_WHAT THIS TASK INVOLVES_. All the lines below need to be transcribed exactly. Pictures get left out.

_RAW DATA_.
=== Begin Enclosure ===
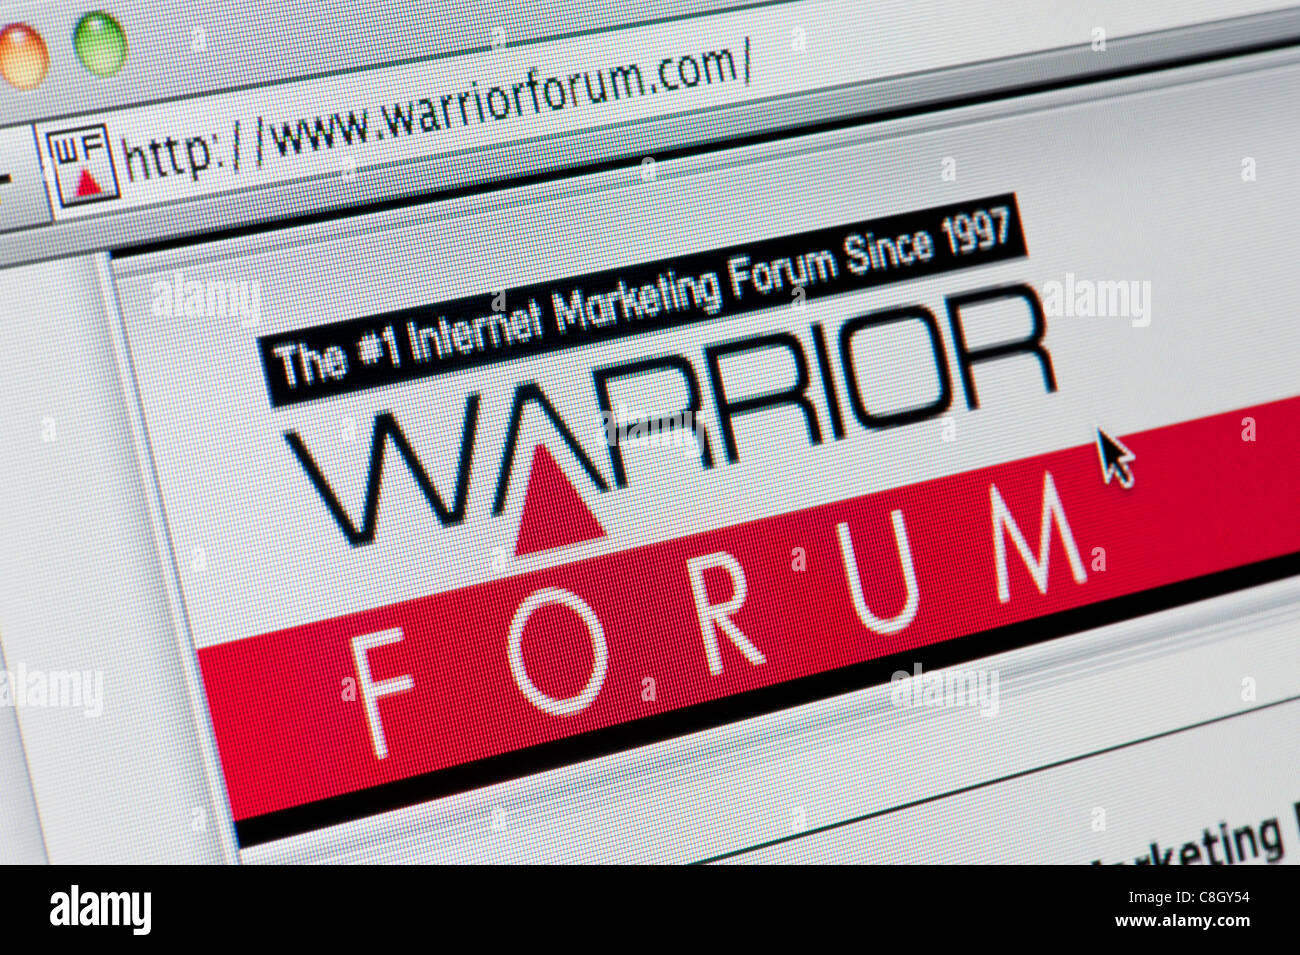 247 Local Plumbers - Warrior Forum
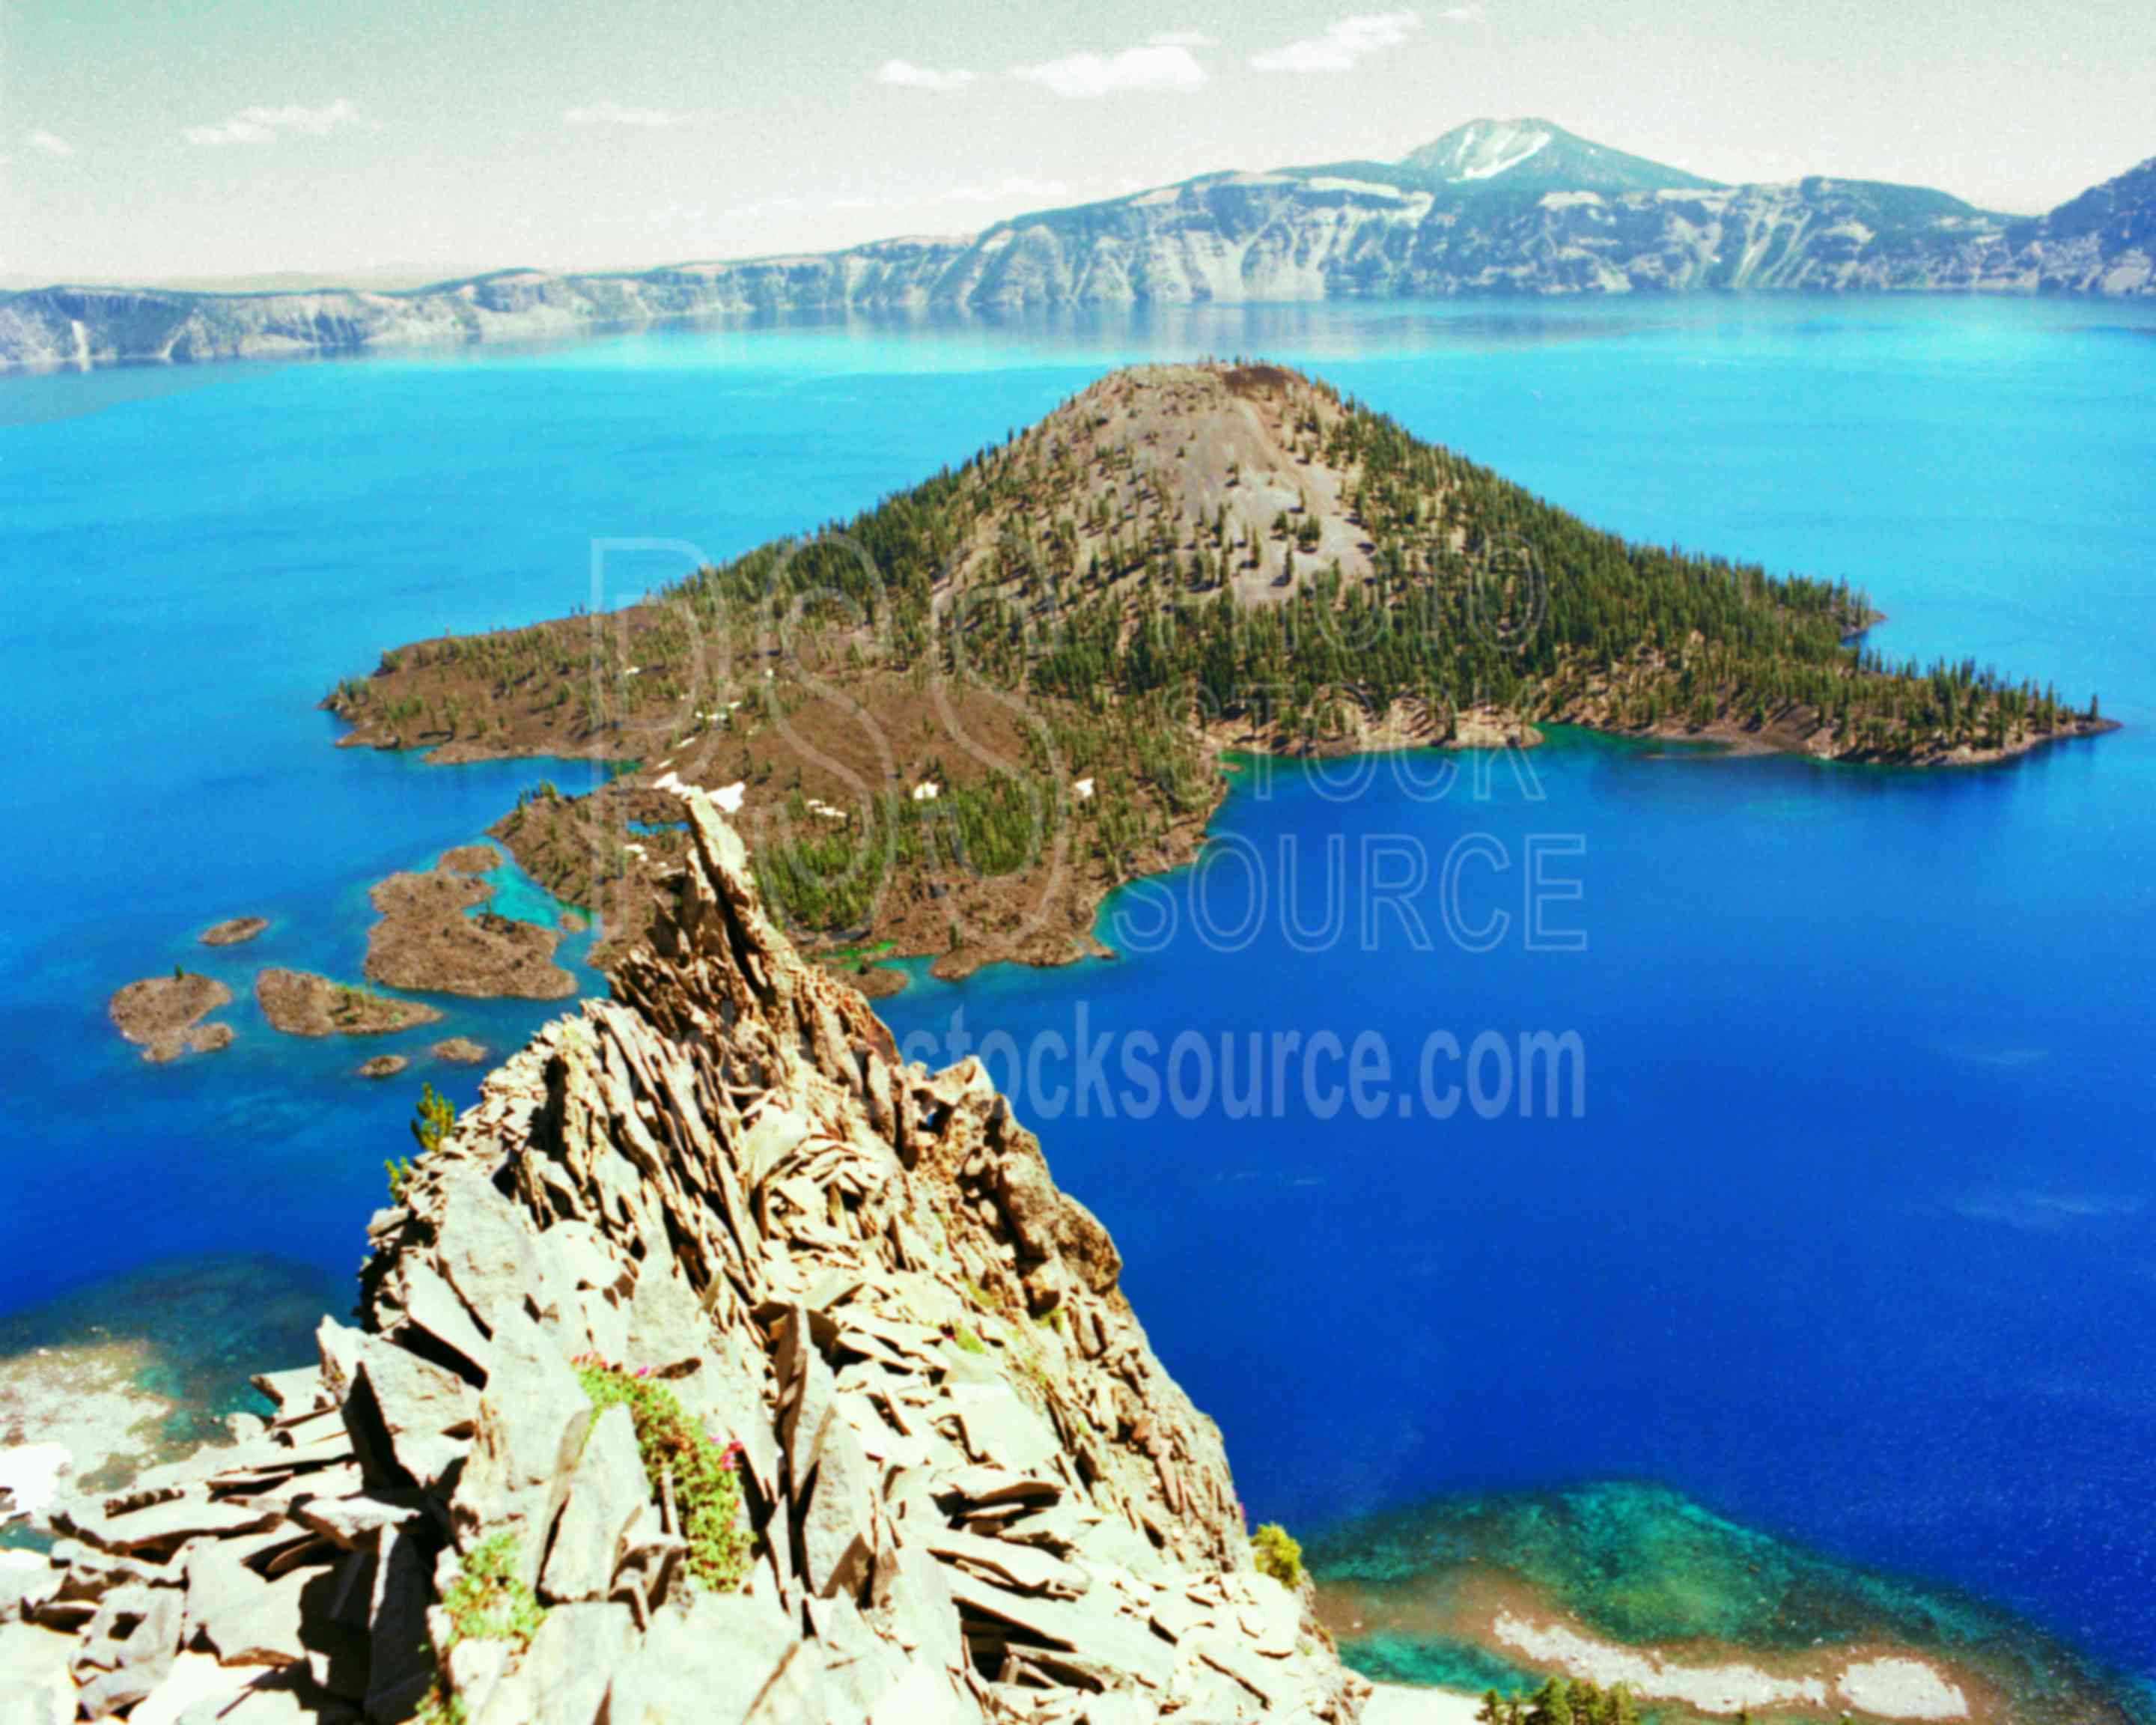 Crater Lake Wizard Island,caldera,crater lake,island,mount scott,wizard island,usas,lakes rivers,national park,nature
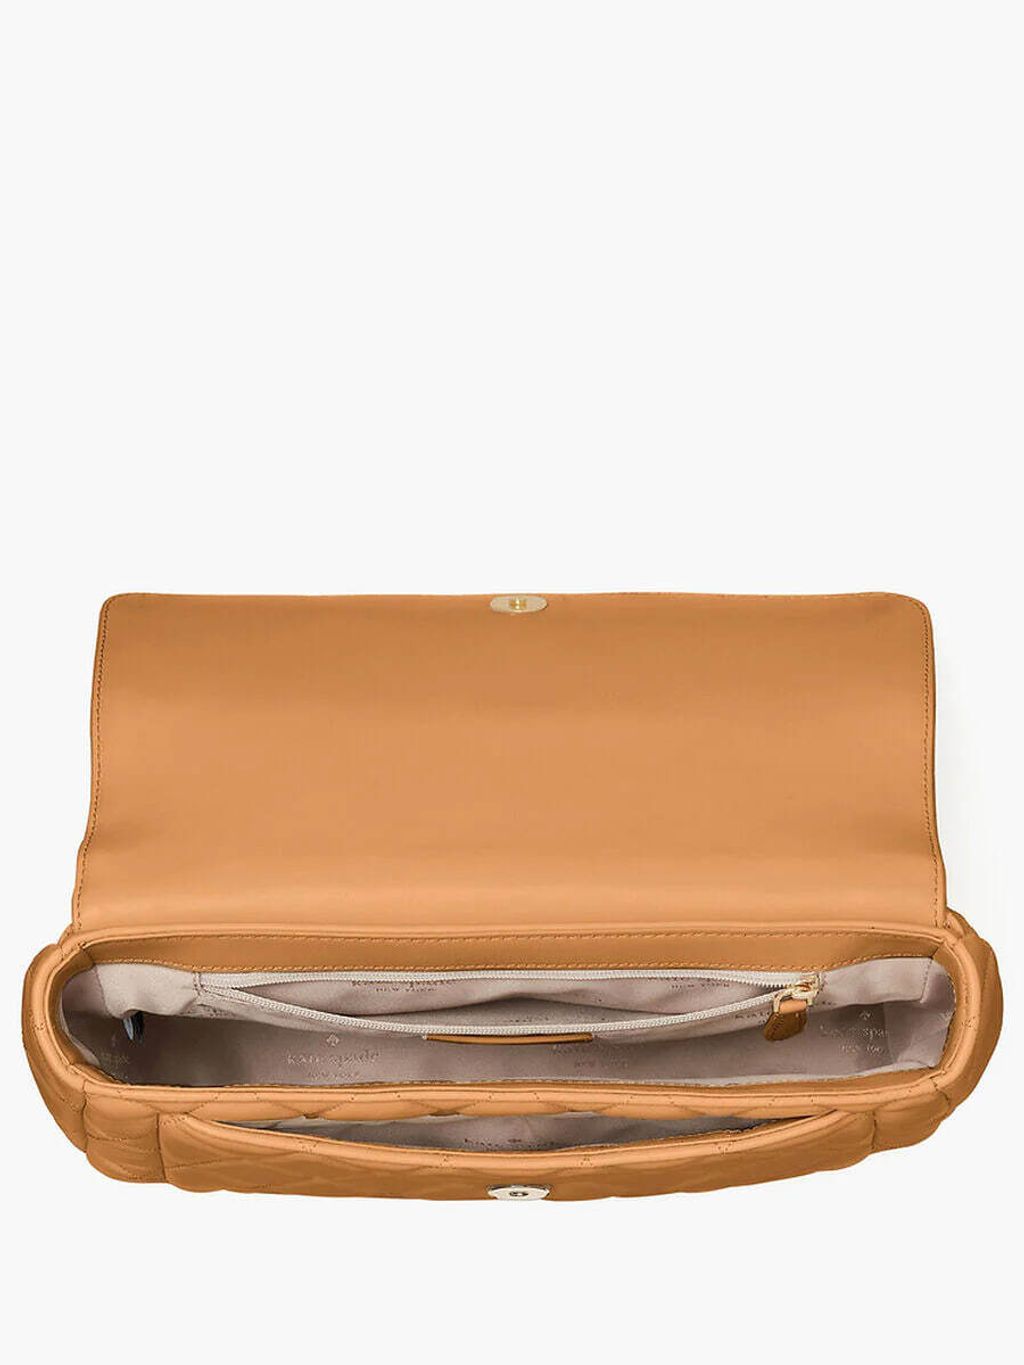 handbagbranded.com getlush outlet personalshopper usa Coach malaysia ready stock Kate Spade Carey Medium Flap Shoulder Bag in Tiramisu 3
=== End Enclosure ===
_RESULT OF THIS TASK_.
 247 Local Plumbers - Warrior Forum
 Crater Lake Wizard Island,caldera,crater lake,island,mount scott,wizard island,usas,lakes rivers,national park,nature
 handbagbranded.com getlush outlet personalshopper usa Coach malaysia ready stock Kate Spade Carey Medium Flap Shoulder Bag in Tiramisu 3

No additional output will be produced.